// the find
Giskard-AI/giskard-oss
🐢 Open-Source Evaluation & Testing library for LLM Agents
Giskard is a Python testing framework for LLM agents and pipelines, currently mid-rewrite from v2 to v3. The v3 architecture splits functionality into focused packages (giskard-checks, giskard-scan, giskard-rag) to cut dependency weight. Aimed at teams who need repeatable, automated evals beyond vibe-checking their agent outputs.

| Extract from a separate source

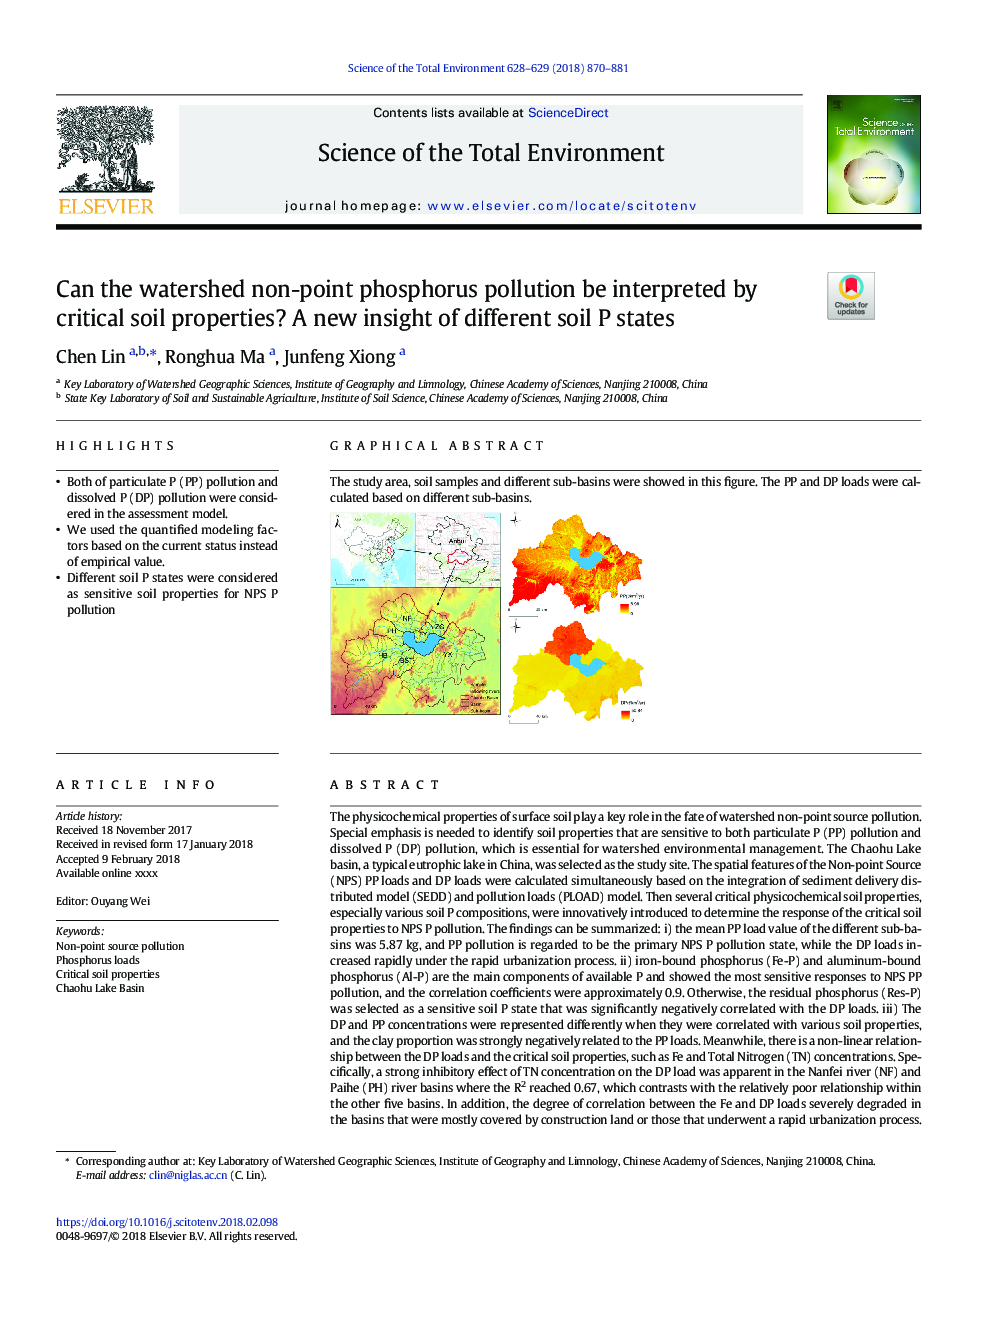 Can the watershed non-point phosphorus pollution be interpreted by critical soil properties? A new insight of different soil P states
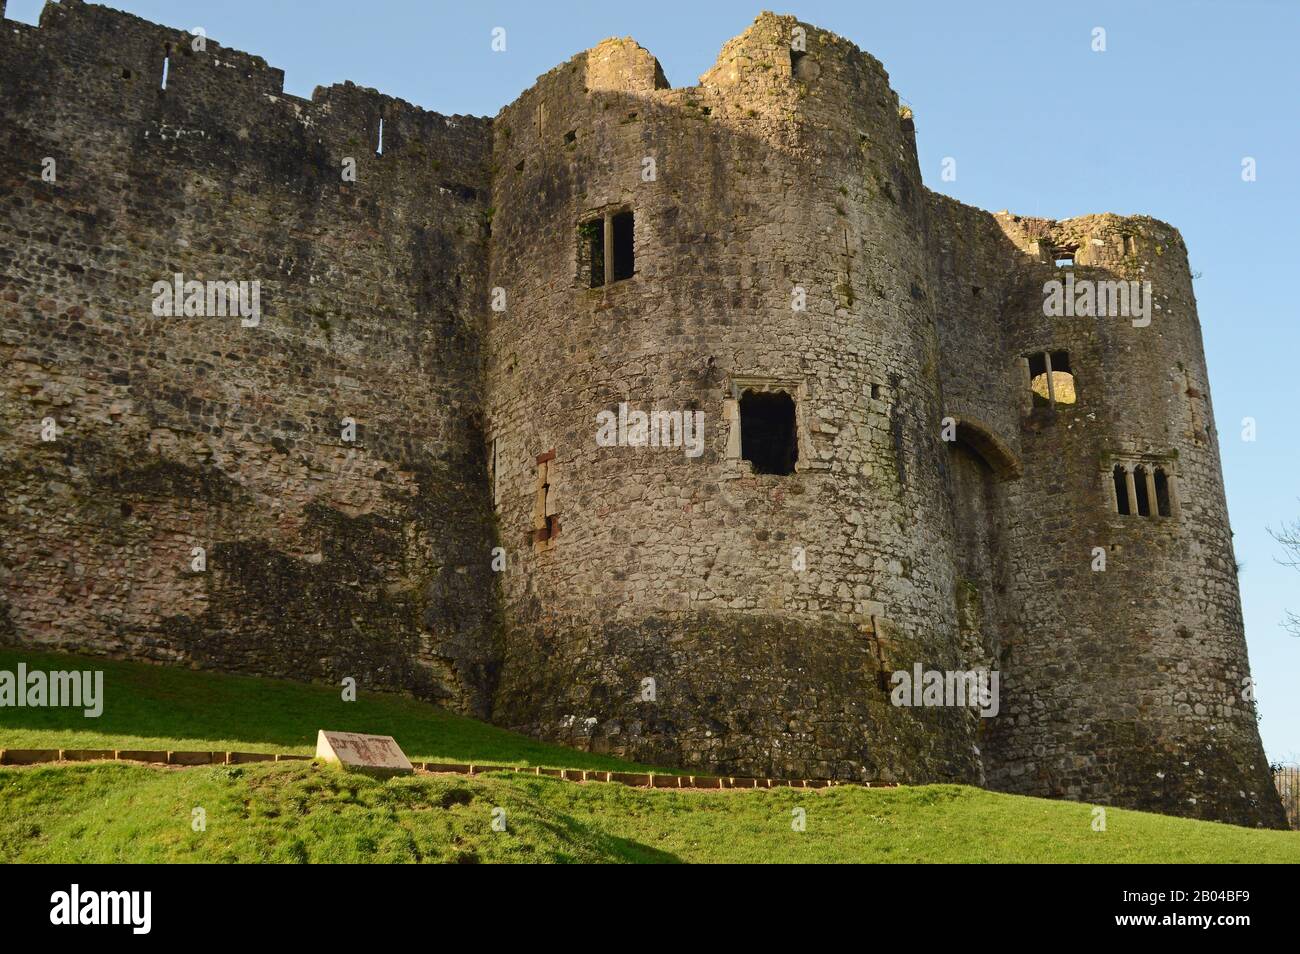 The main gatehouse entrance (between the two towers) to Chepstow Castle in Monmouthshire, South Wales, United Kingdom. Stock Photo

The modular package split in v3 is the right call — you can pull in just giskard-checks without dragging in red-teaming dependencies you don't need. The Scenario API handles non-deterministic outputs sensibly, treating evals as probability assertions rather than hard string matches. The vulnerability scanner covers OWASP LLM Top-10 categories with built-in adversarial generators (crescendo, GOAT, prompt injection datasets), which would take weeks to build yourself. Provider abstraction in giskard-llm supports Anthropic, OpenAI, Google, and Azure without forcing LiteLLM as a mandatory dependency.
v3 is still beta and materially incomplete — giskard-scan and giskard-rag are listed as 'in progress' and 'planned', meaning the most compelling features (RAG eval, full vuln scanner) don't actually exist yet in the new architecture. v2 is abandoned with no migration path, so anyone who built on the old scan/RAGET APIs is stranded. The async-first design is correct for production but the README buries the asyncio.run() requirement, which will frustrate anyone copy-pasting the quickstart into a Jupyter notebook. Telemetry is opt-out, not opt-in, which will hit a wall in any enterprise or regulated-data environment regardless of what it actually collects.